Exact copy, pictures excluded: write out every line below.

* [SOURCE MATERIAL]:
--*--
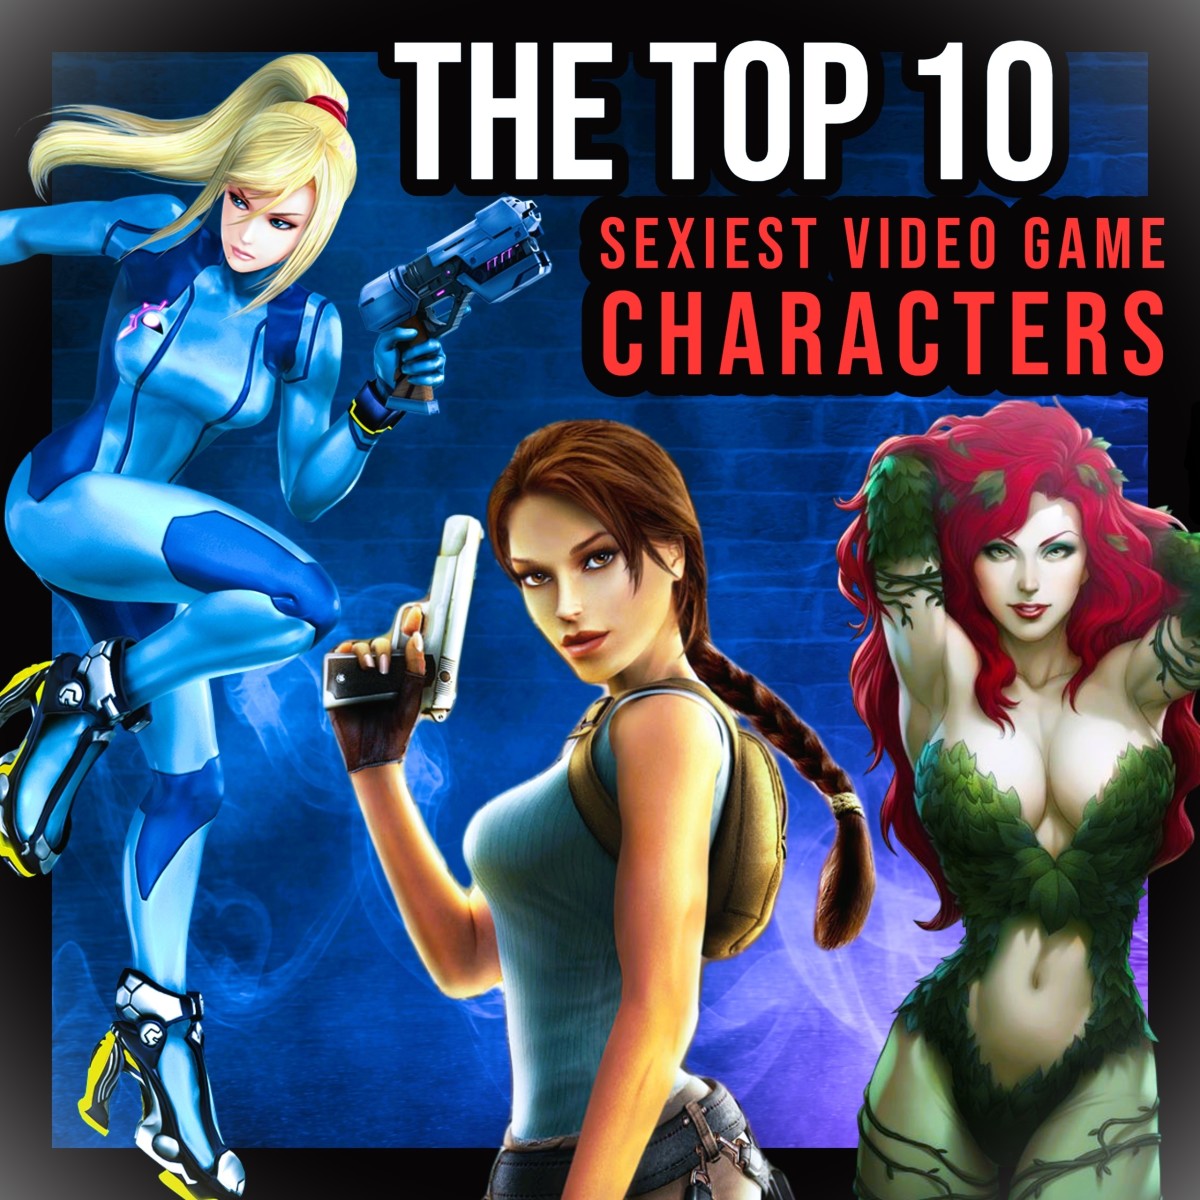 The Top 10 Sexiest Video Game Characters
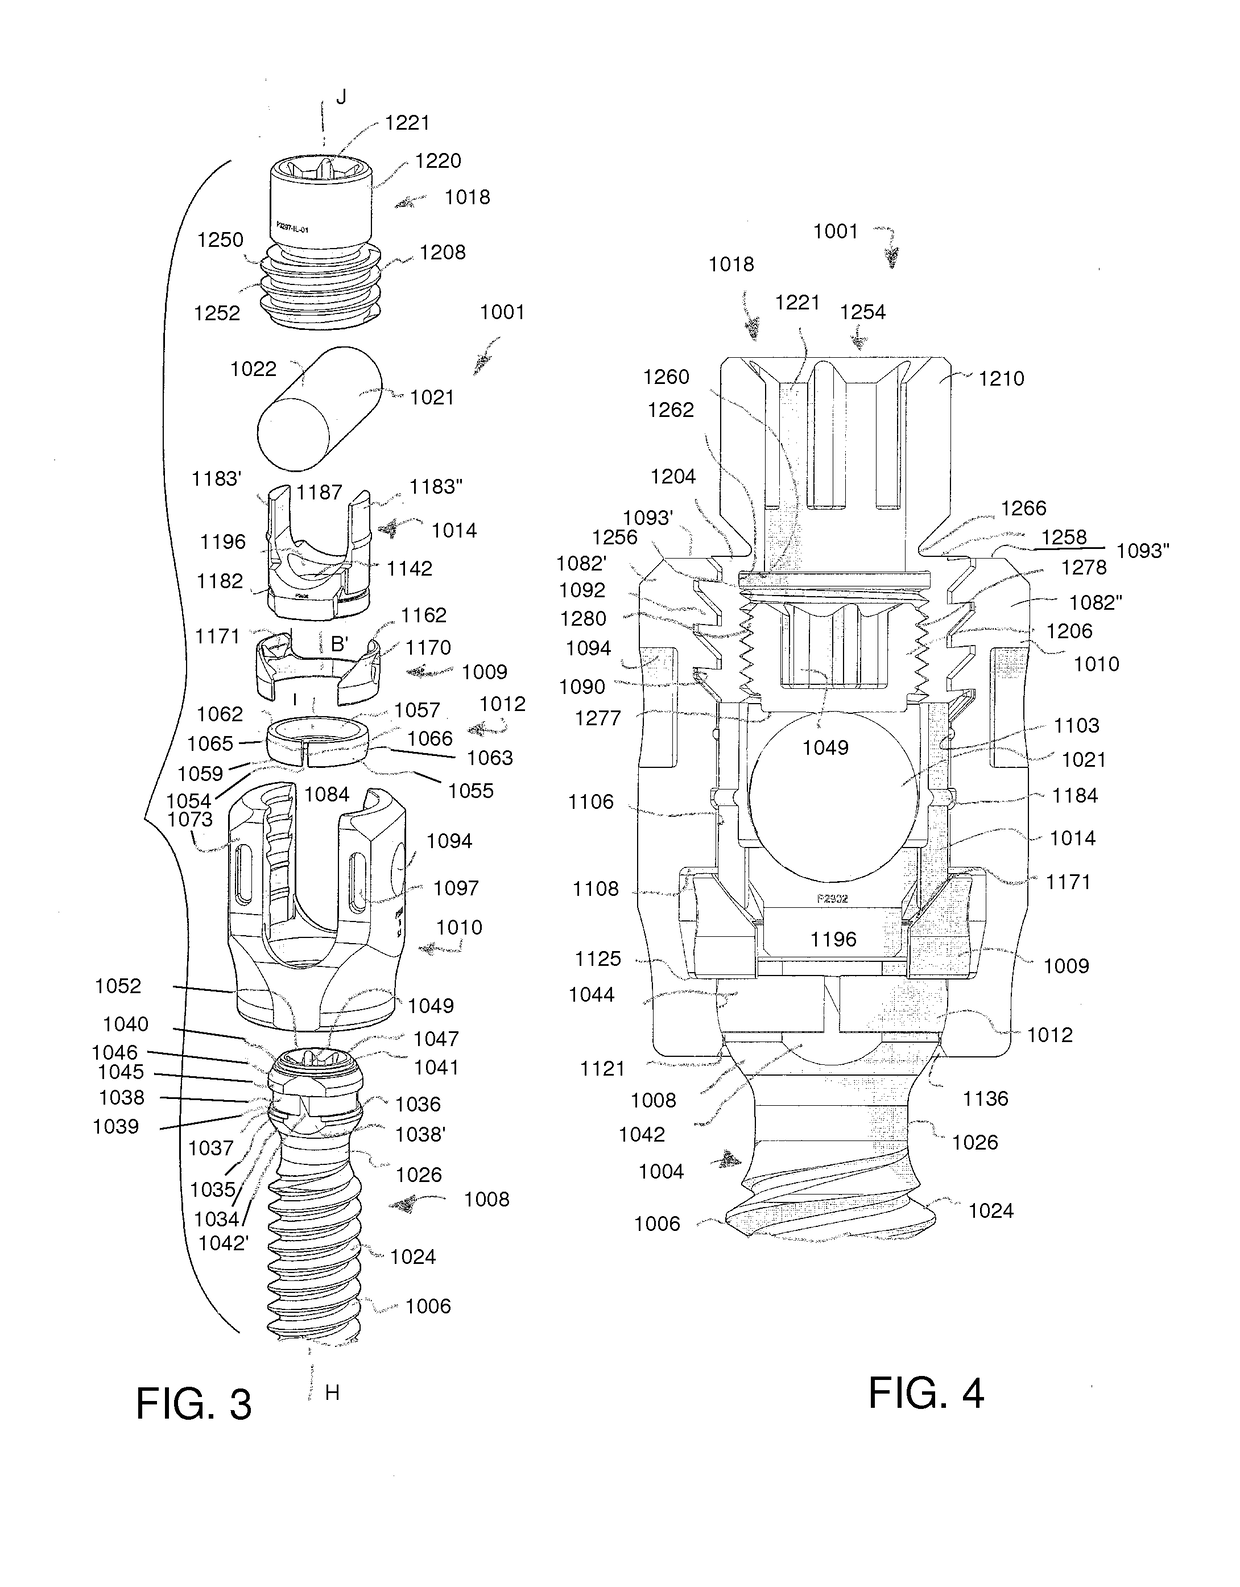 Snap-on multi-planar and mono-planar receiver assemblies having integral and multi-part multipurpose positioners for pivoting and non-pivoting retainers
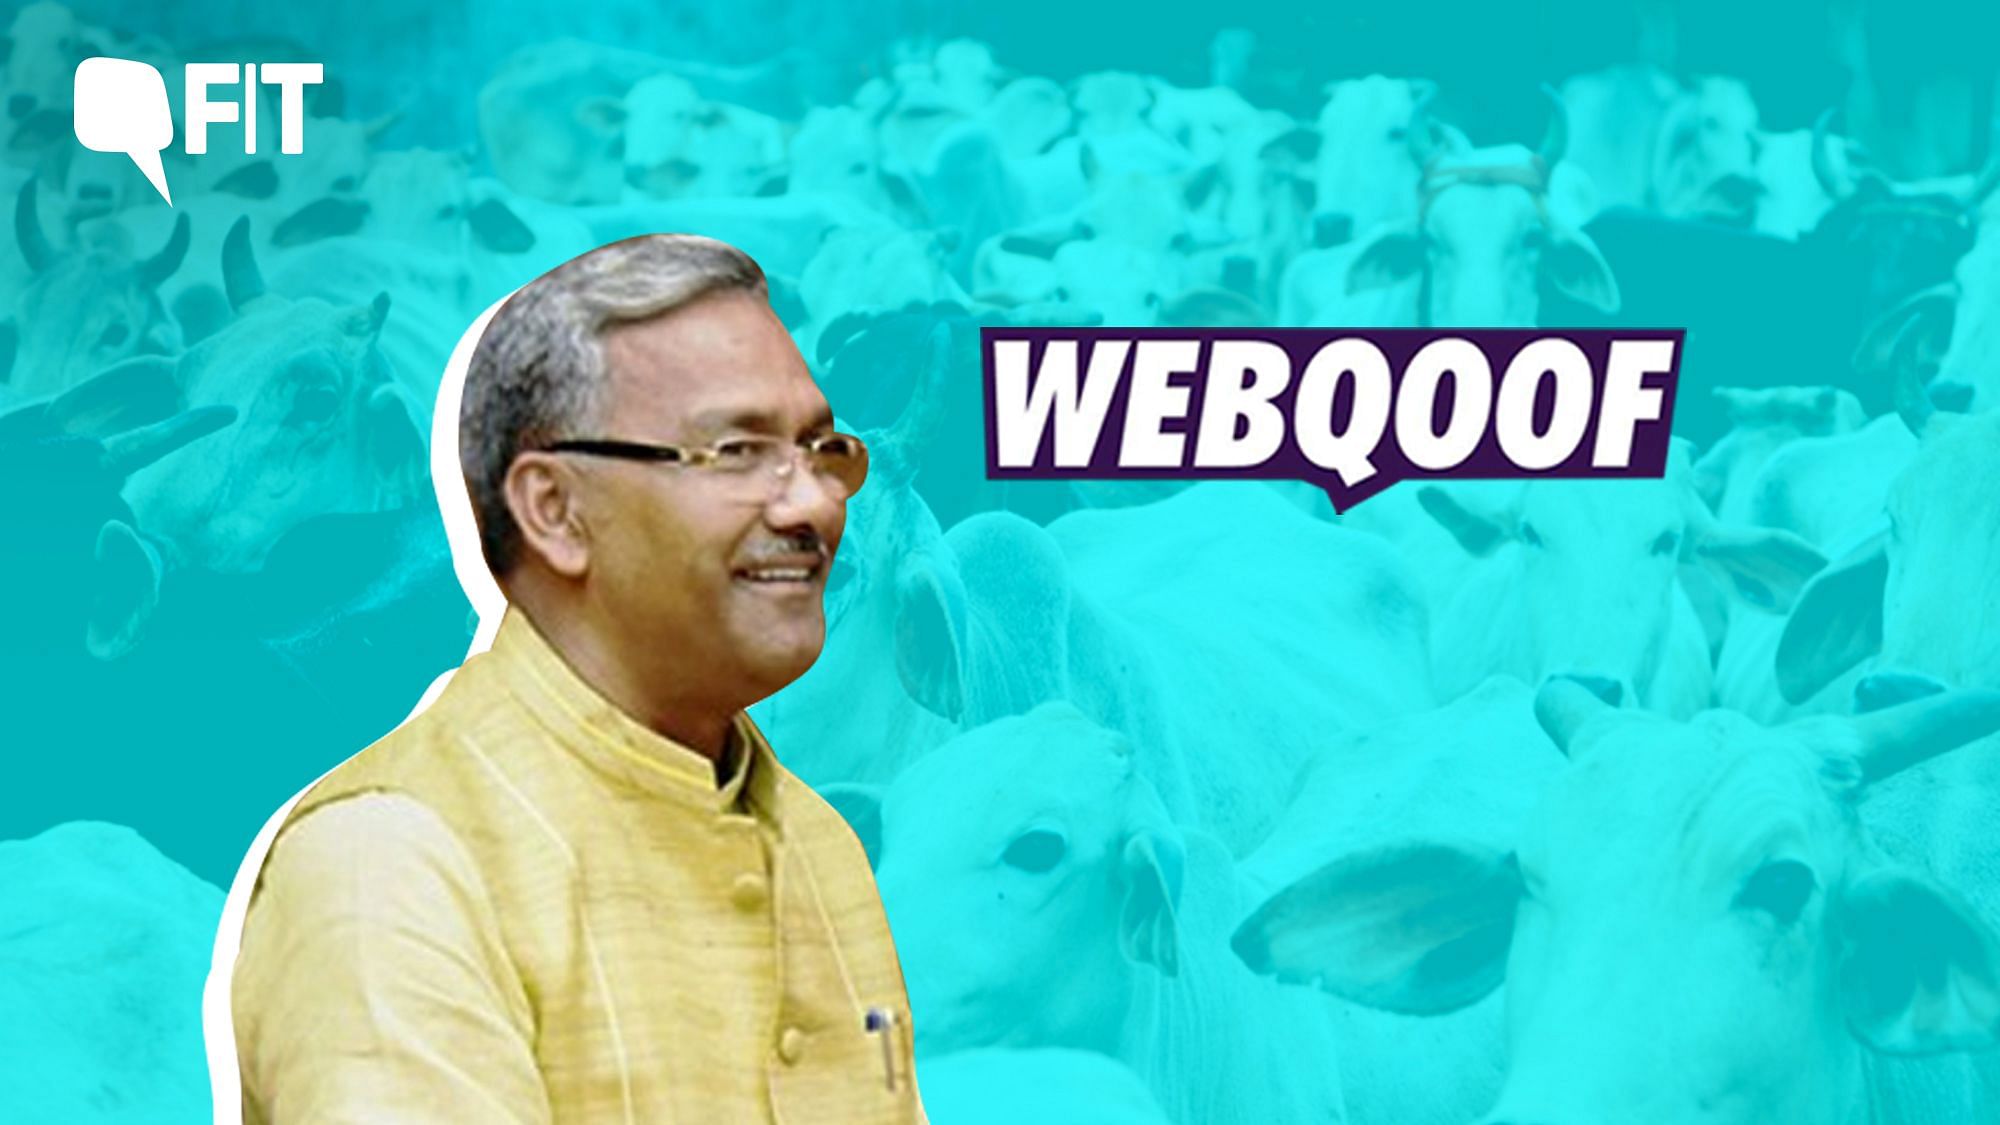 Uttarakhand Chief Minister, Trivendra Singh Rawat, also claimed that cows exhale oxygen.
--*--
* [SOLUTION TO THIS PROBLEM]:
 The Top 10 Sexiest Video Game Characters
 Snap-on multi-planar and mono-planar receiver assemblies having integral and multi-part multipurpose positioners for pivoting and non-pivoting retainers
 Uttarakhand Chief Minister, Trivendra Singh Rawat, also claimed that cows exhale oxygen.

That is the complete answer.